2.1. Structure Testing and Phase Analysis

The microstructure of studied alloys was observed on transverse microsections in the Zeiss SUPRA 35 scanning electron microscope (SEM, Thornwood, New York, NY, USA); extra-high tension (EHT) = 20.00 kV; working distance (WD) = 10.5 mm, backscattered electrons (BSE) mode equipped with an energy-dispersive X-ray spectrometer (EDS).

The microstructure was also observed by a high-resolution transmission electron microscope S/TEM TITAN 80-300 FEI (Hillsboro, OR, USA) equipped with a Cs-corrector. The investigations with an acceleration voltage of 300 kV were performed. The high-resolution transmission electron microscope (HRTEM) images and selected area electron diffraction (SAED) patterns were collected. Scanning transmission electron microscope (STEM) imaging was performed using a high-angle annular dark field (HAADF) detector that allowed us to distinguish a difference in the value as a result of the difference in scattering. Electron beam with a convergence semi-angle of 17 and 27 mrad was used. Samples for observations were prepared by gallium ion milling.

The phase analysis of the samples was carried out in the PANalytical X-ray diffractometer (X’Pert PRO model, Almelo, The Netherlands) using the Co Kα radiation (with a wavelength of 0.1789 nm). The measurements using the step registration method in the angular 2θ range from 30° to 90° were conducted. The X-ray qualitative analysis was performed using the HighScore Plus software (3.0e version, PANalytical, Almelo, The Netherlands).

2.2. Mechanical Tests

The tensile and compressive tests were carried out at room temperature with the ZWICK Z100 static material testing machine (Kennesaw, GE, USA) according to the standards [42,43]. The cylindrical samples with working diameters of 5 mm and lengths of 90 mm were prepared for tensile tests [42]. A pre-load force during the test was 2 N and the strain rate was 0.0067 s⁻¹. The samples for static compression tests had diameters of 10 mm and heights of 15 mm [43]. A pre-load force of 2 N and beam move speed of 100 mm·min⁻¹ were assumed. The Vickers hardness tests were performed with the Future-Tech FM-ARS 9000 device (Kawasaki, Kanagawa, Japan) under the load of 1 N. For each studied alloy 10 measurements were performed.
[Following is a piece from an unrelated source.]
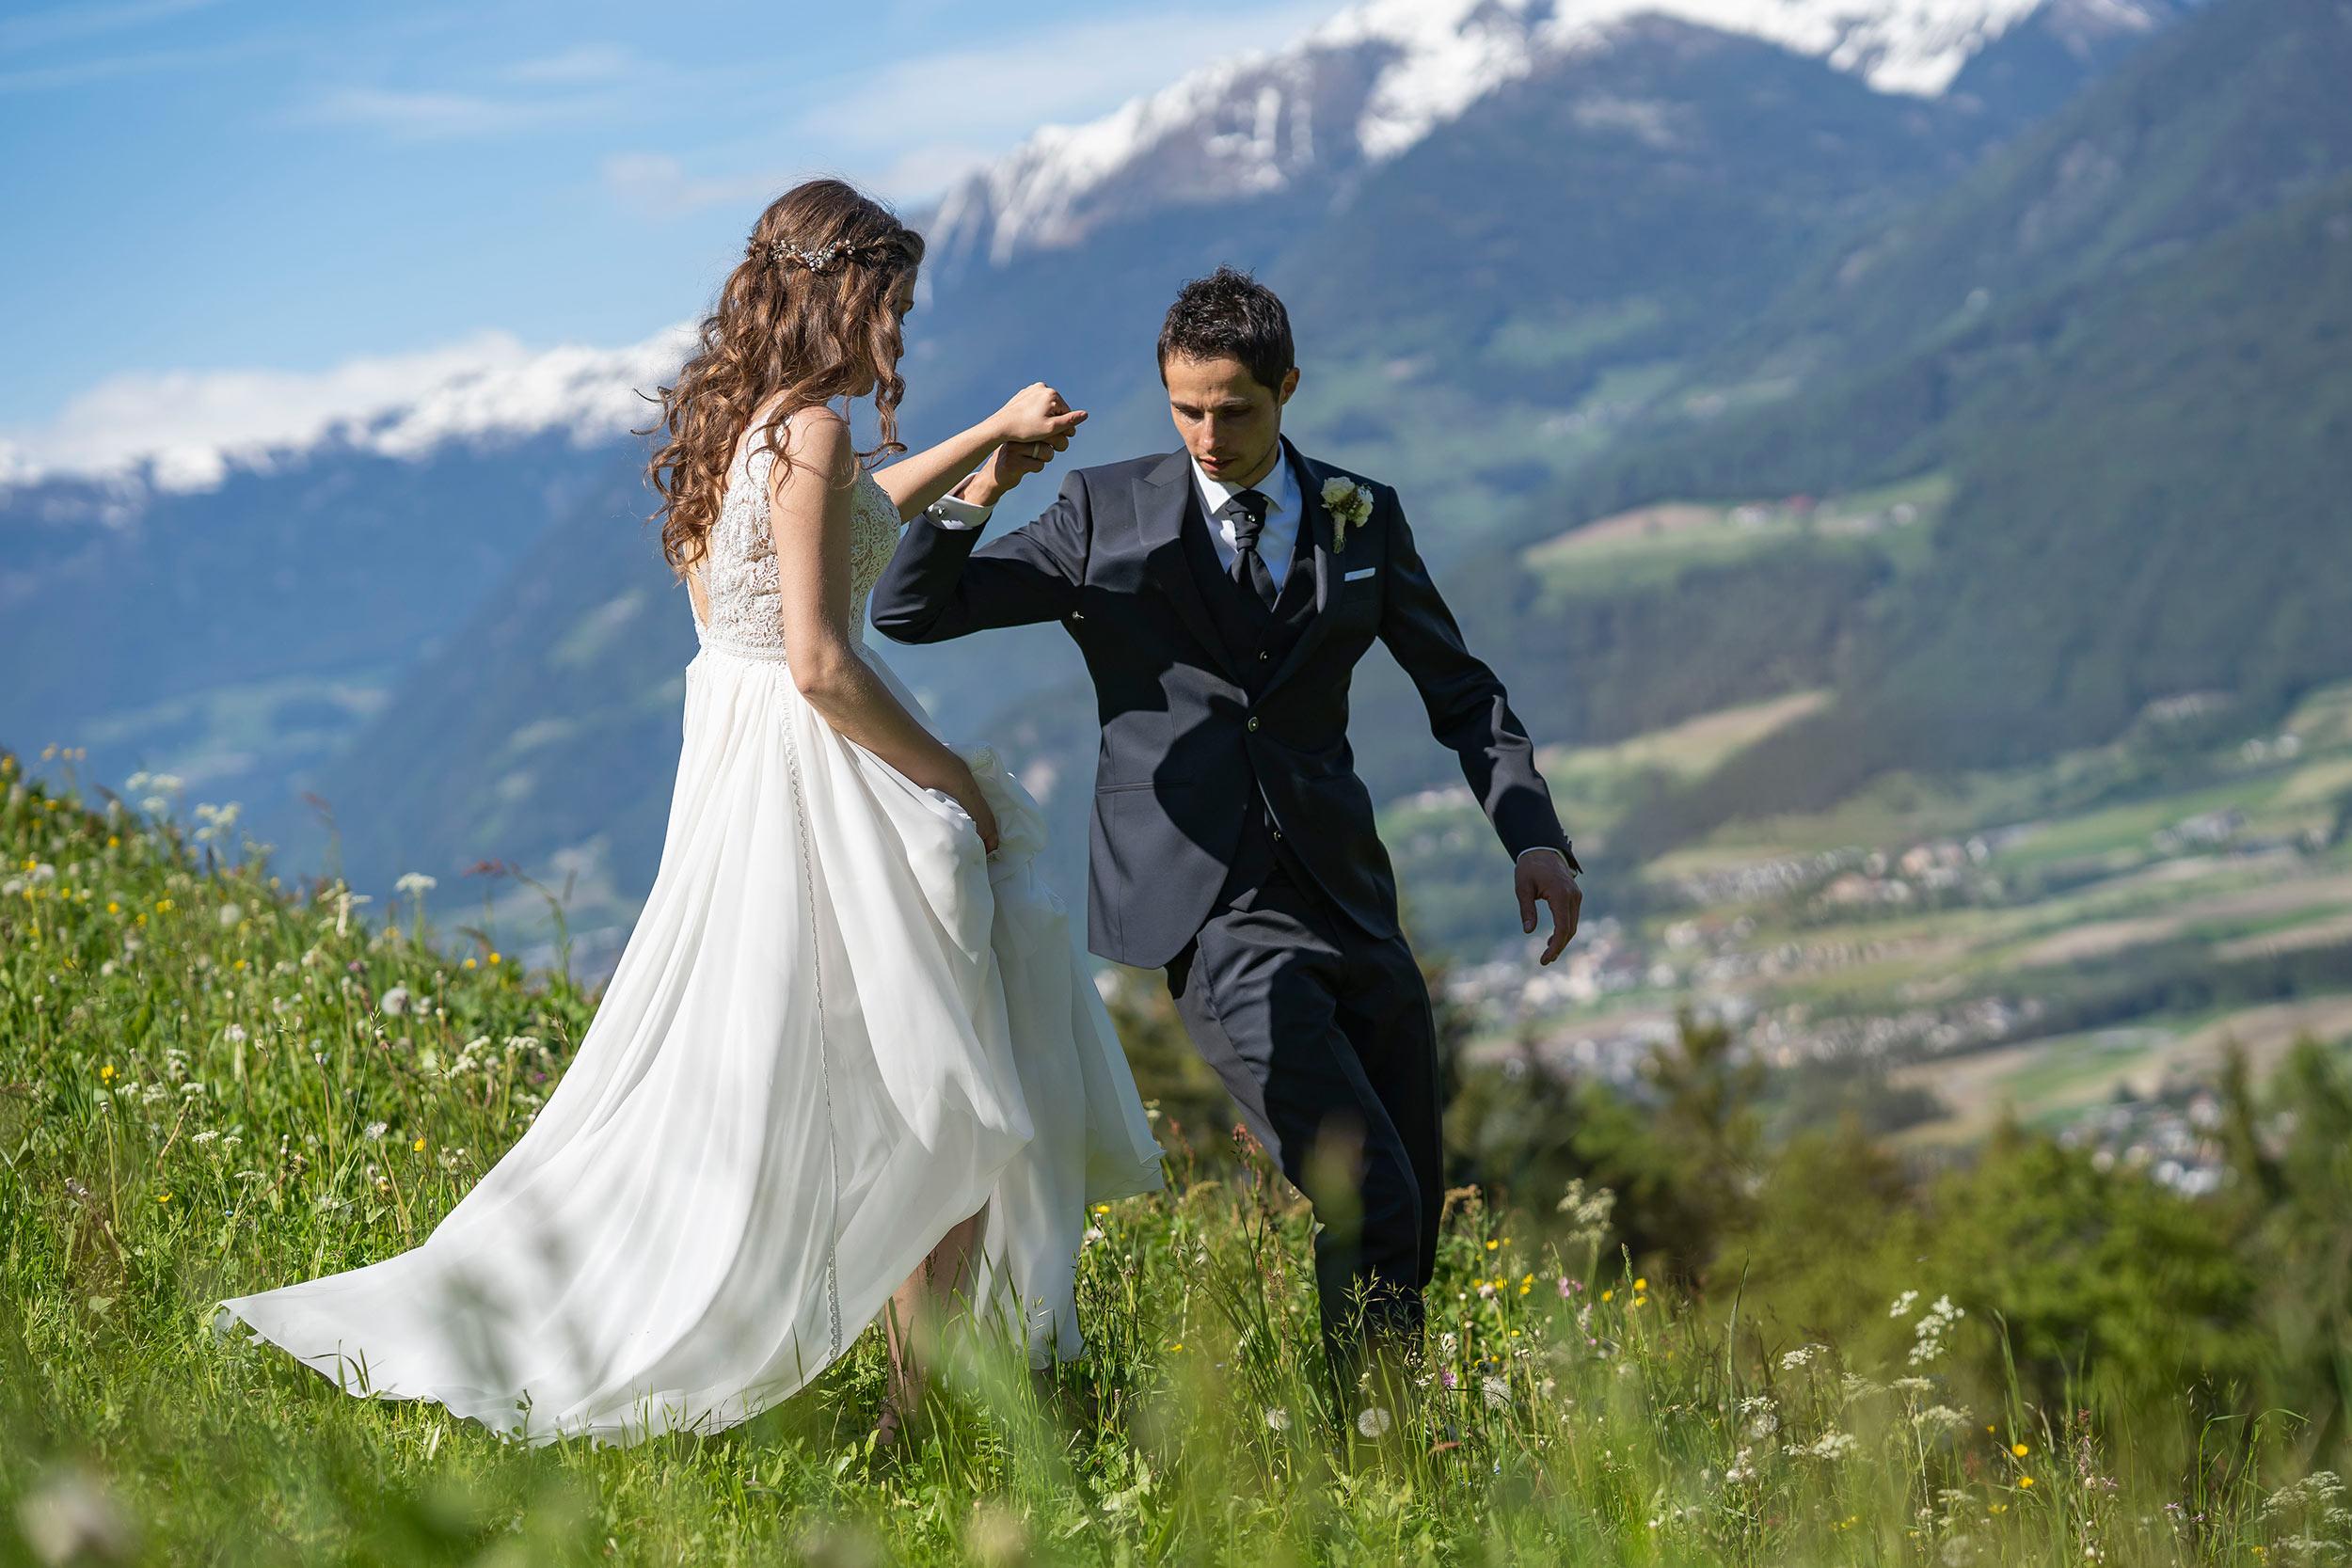 Evi_&_Christian_Hochzeit_01-06-2019_416

2.3. Electrochemical and Immersion Tests

The electrochemical and immersion tests were performed in Ringer’s solution at 37 °C. The Ringer’s solution simulates the physiological environment of a human body. The electrochemical tests were carried out using the Autolab PGSTAT302N Multi BA potentiostat (Herisau, Switzerland). The open circuit potential (E_OCP) measurements and the potentiodynamic tests were carried out. The measurements were performed in a three-electrode cell with a water jacket using a saturated calomel electrode (SCE) as a reference electrode, a platinum rod as a counter electrode, and a sample as working electrode. The corrosion potential scan rate was 1 mV·s⁻¹. In case of corrosion tests, changes of the open circuit potential as a function of 3600 s were collected. The exposure for the corrosion environment during immersion tests was 48 h.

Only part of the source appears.